Ankara Balgat Adliyesi önünde basın açıklaması yapan avukatlar, açıklamanın ardından Söğütözü Adliyesi’ne kadar koştu. Avukatlar adına, açıklamayı Ankara Barosu Başkan Yardımcısı Kemal Koranel yaptı. Koranel, şunları söyledi:
"Bu binalara adliye demek, bizim için adaletsizliğe "adalet" demekle eşdeğer. Diyemiyoruz… Ülkemizde başka hiçbir ilde örneği görülmeyen bir şekilde Ankara'da aynı yargı koluna dahil mahkemeler bile fiziken farklı yerlerde bulunmaktadır. Hiçbir kamusallık, hiçbir estetik, hiçbir ulaşılabilirlik imajı taşımayan bu plaza binaları, otel binaları, bize adalet imgesine dair hiçbir ışık sunmuyorlar. Salt yerel mahkeme düzeyindeki mahkemelerden müteşekkil adliye sayısı 6’yı buldu. Sıhhiye adliyesi dışındaki tüm adliye binaları, ticari işlere özgülenmiş çok katlı binaların kiralanması suretiyle adliyemsileştirilmiş durumda.

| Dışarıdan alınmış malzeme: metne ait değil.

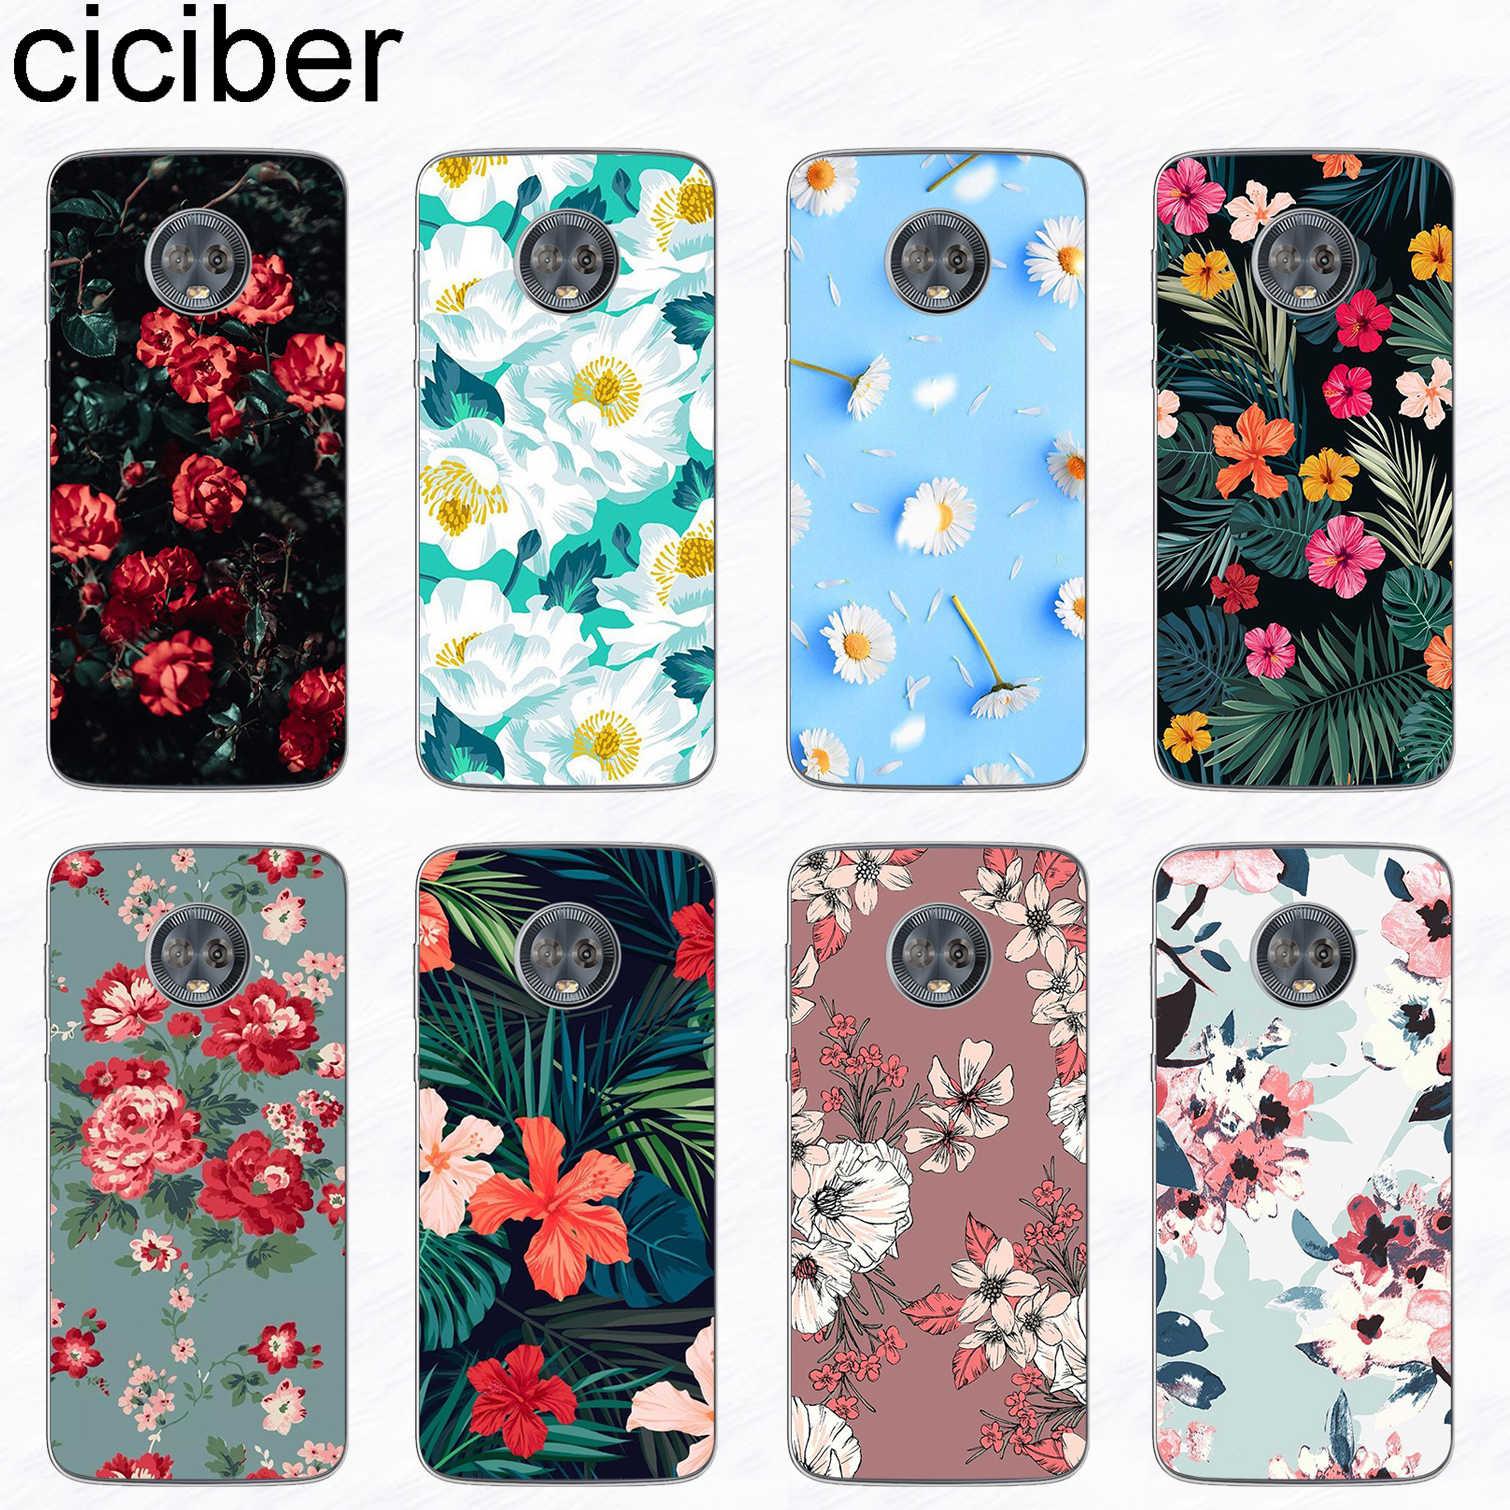 Чехол для телефона ciciber цветы розы для Motorola Moto G6 G5 G5S E5 E4 C Z2 Z3 G4 Plus Play X4 ONE P30 power Note мягкий чехол из ТПУ

Ankara’daki adliye binalarına ulaşım, engelli meslektaşlarımızın ve vatandaşlarımızın adalete erişimini daha fazla güçleştirdiği gibi sonradan adliye olarak tahsis edilen binaların engelli meslektaşlarımızın çalışmalarını kolaylaştırmasına yönelik fiziksel koşullardan yoksun bulunması da büyük sorundur. Engelli meslektaşlarımızın ve vatandaşlarımızın kullanımına kabartma haritalar, tabelalar dahi sunulmamış olduğu gibi binalara giriş çıkışlar engellilerin erişimine uygun değildir.
"YURTTAŞLARIN ADALETE ERİŞİM HAKKI İÇİN KOŞUYORUZ"

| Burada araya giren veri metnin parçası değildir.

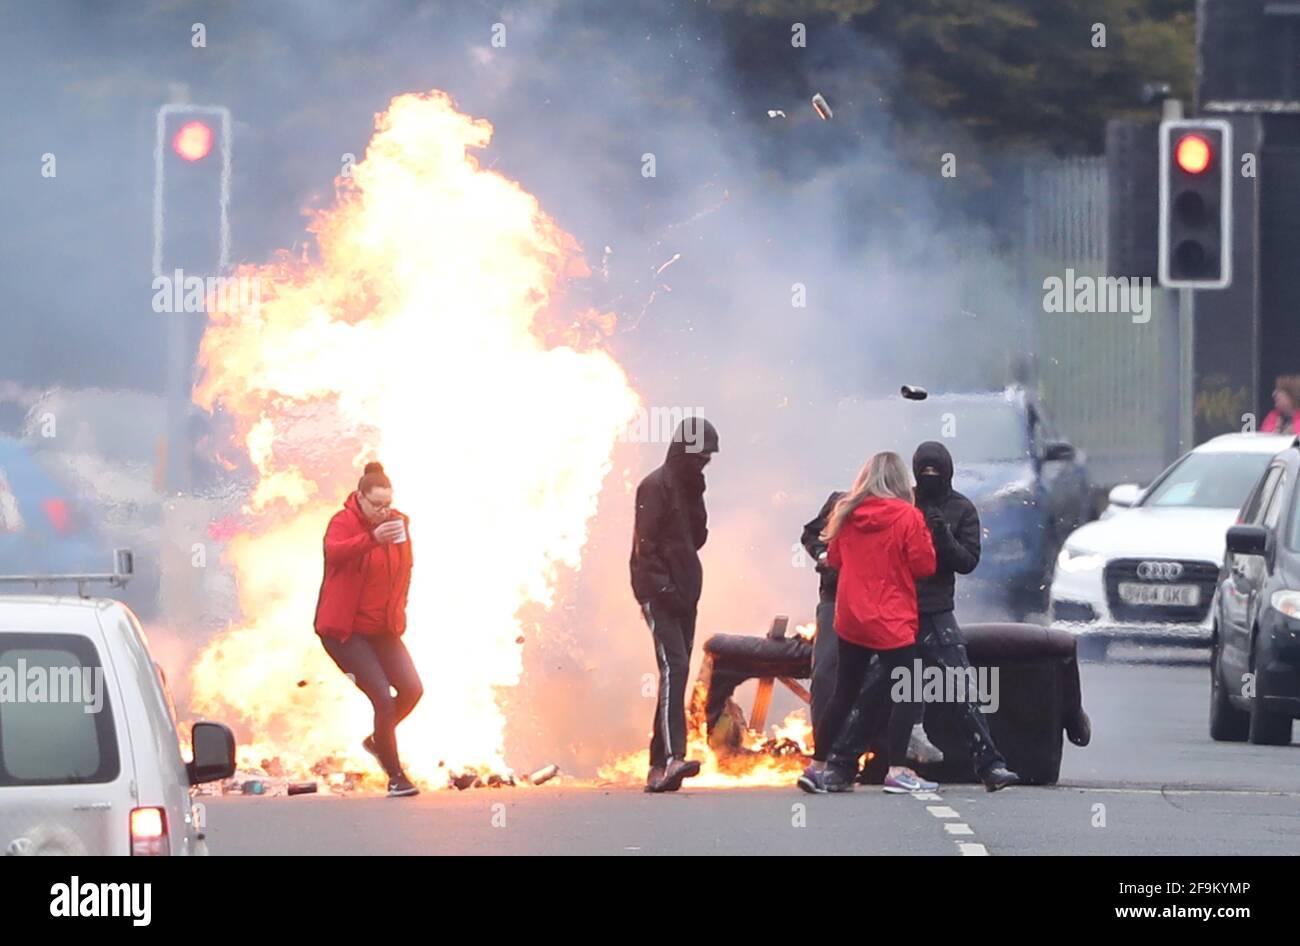 Ein Brand auf der Shankill Road in Belfast während weiterer Unruhen. Bilddatum: Montag, 19. April 2021. Stockfoto

Fiziki yapılarını, erişim sorununu, hissettirdiği tüm adalet dışı duyguları bir kenara koyarsak, biz avukatlar duruşmadan duruşmaya nasıl yetişeceğiz? Adalet hizmetini, savunma hizmetini, hak arama hizmetini nasıl sunacağız? Bir ihtimal mümkün olan tek yolla: Gerçek anlamda, gün içinde o adliyeden bu adliyeye koşarak… Ülkenin dört bir yanına adliye binaları yapılırken başkente yaraşır Cumhuriyete yakışır bir binanın yapılmadığını başta Adalet Bakanlığı ve muktedirler olmak üzere yeni adliyeye engel olan herkese göstermek için koşuyoruz. Yurttaşların adalete erişim hakkı için koşuyoruz."

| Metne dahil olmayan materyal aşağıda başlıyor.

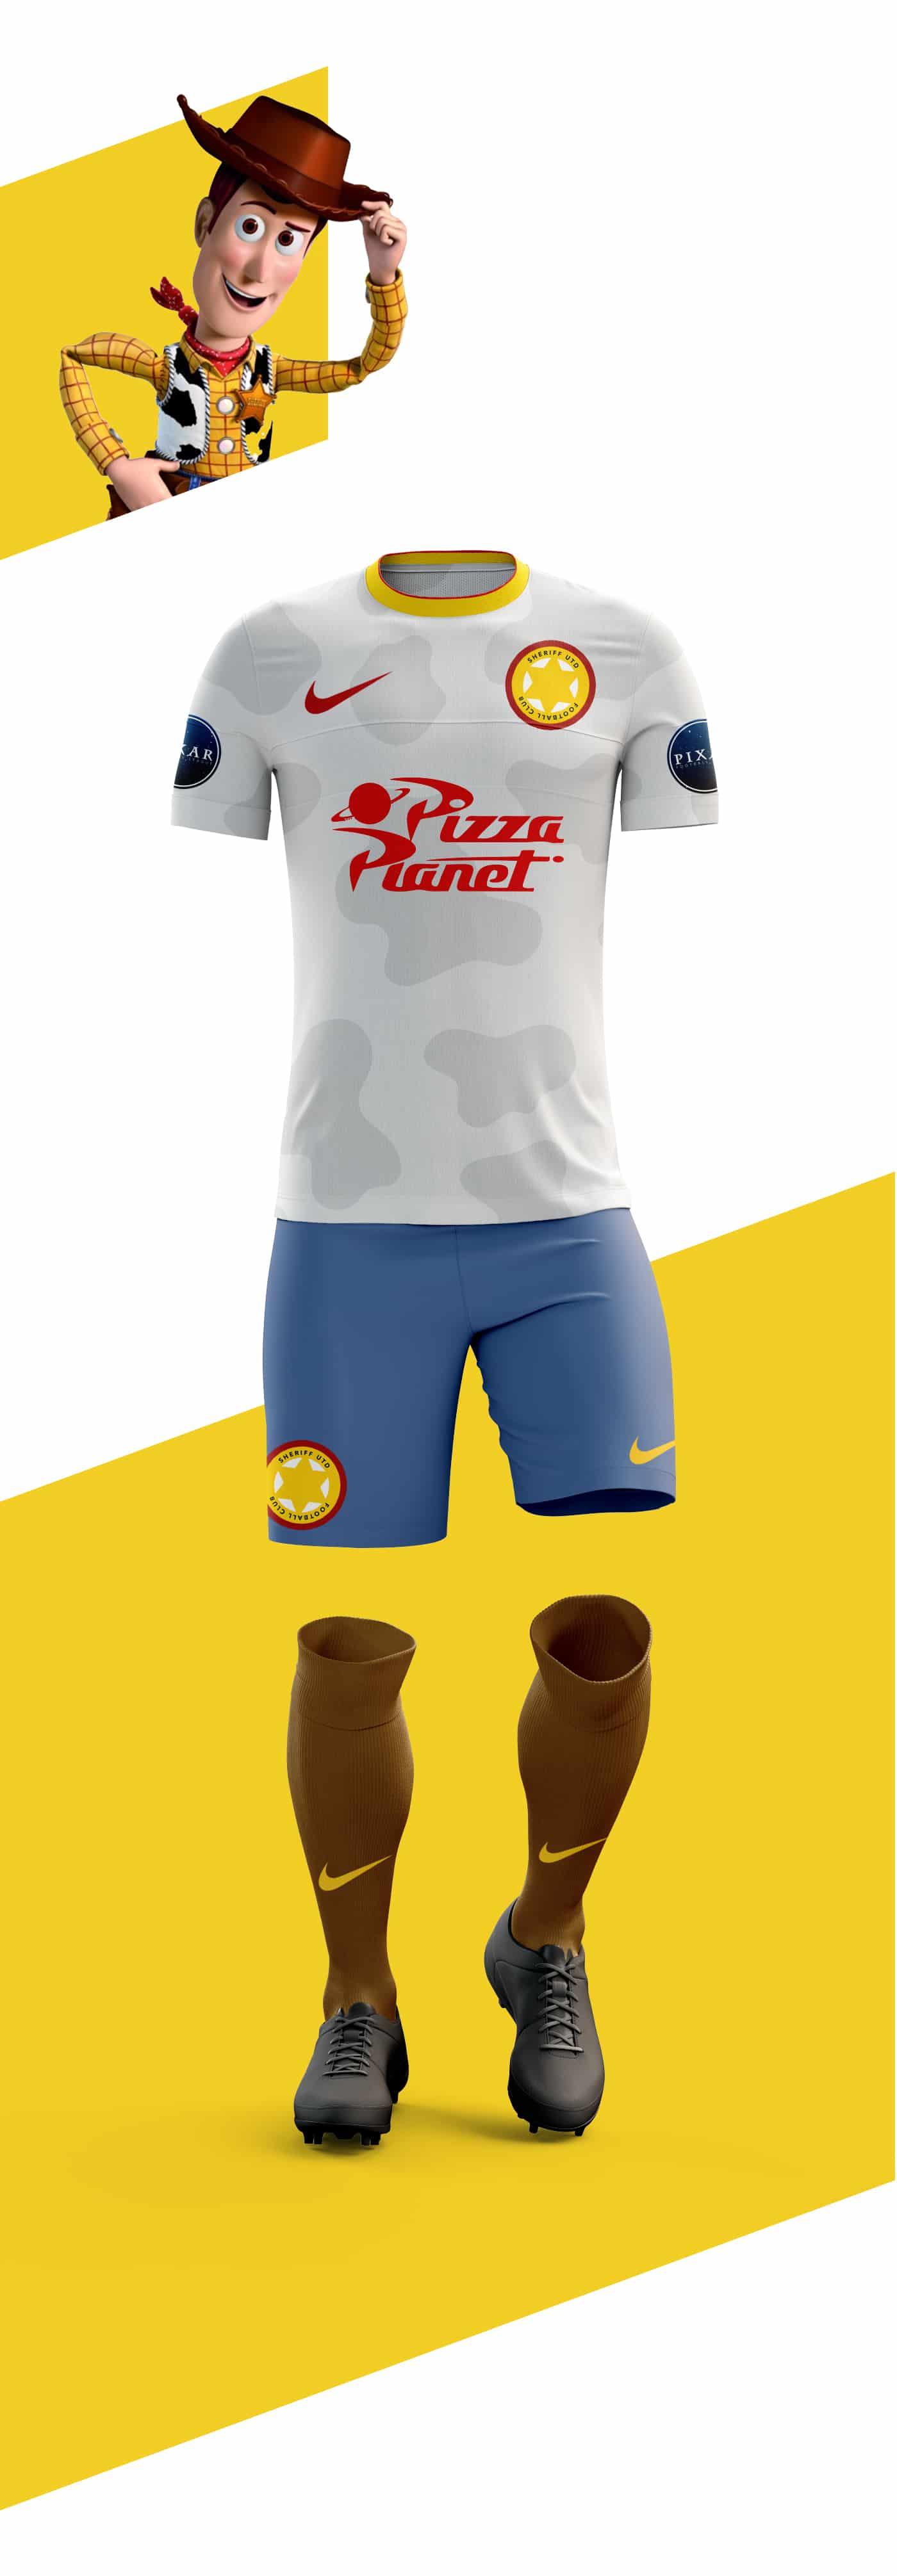 Néo, Buzz l'Eclair, Woody le Shérif, Dory. Et si Pixar se lançait dans le football ? C'est ce que Martin Turner a imaginé avec ces maillots de football.

“BAŞKENTİN, ADLİYE OLARAK İNŞA EDİLMİŞ TEK BİR BİNAYA İHTİYACIMIZ VAR"
Ankara Barosu Avukat Hakları Merkezi Başkanı Deniz Özbilgin, Ankara’daki avukatların en büyük sorununun "bölünmüş adalet mekanizması" olduğunu belirterek ANKA Haber Ajansı'na şunları söyledi:
"Her tarafta bir adliye olması. İşlerimizin bölünmesi. Tabi bu sadece avukatlar için değil, yurttaşlarında adalete erişimizi güçleştirici mesele. Günümüz o adliyeden o adliyeye maraton şeklinde geçiyor. Yeri geliyor bir gün içerisinde 5 adliyeye gitmeniz gerekiyor. Yeni adliye 24 katlı. İcra müdürlükleri 20 katlı. Arkamızda gördüğünüz bina (Balgat Adliyesi) oteldi. Bu binalar engelli vatandaşların girişinden tutun da yangın merdivenleri, çıkışlara kadar pek çok sorun yaşıyoruz. Bu bina günde 3 bin kişinin giriş çıkışına uygun inşa edilmedi. Tuvaletler yetersiz. Otopark yok. Başkentin, adliye olarak inşa edilmiş tek bir binaya ihtiyacımız var."
"ENGELLİ AVUKATLAR OLARAK OLAĞANÜSTÜ ÇABA SARF ETMEK ZORUNDA KALIYORUZ"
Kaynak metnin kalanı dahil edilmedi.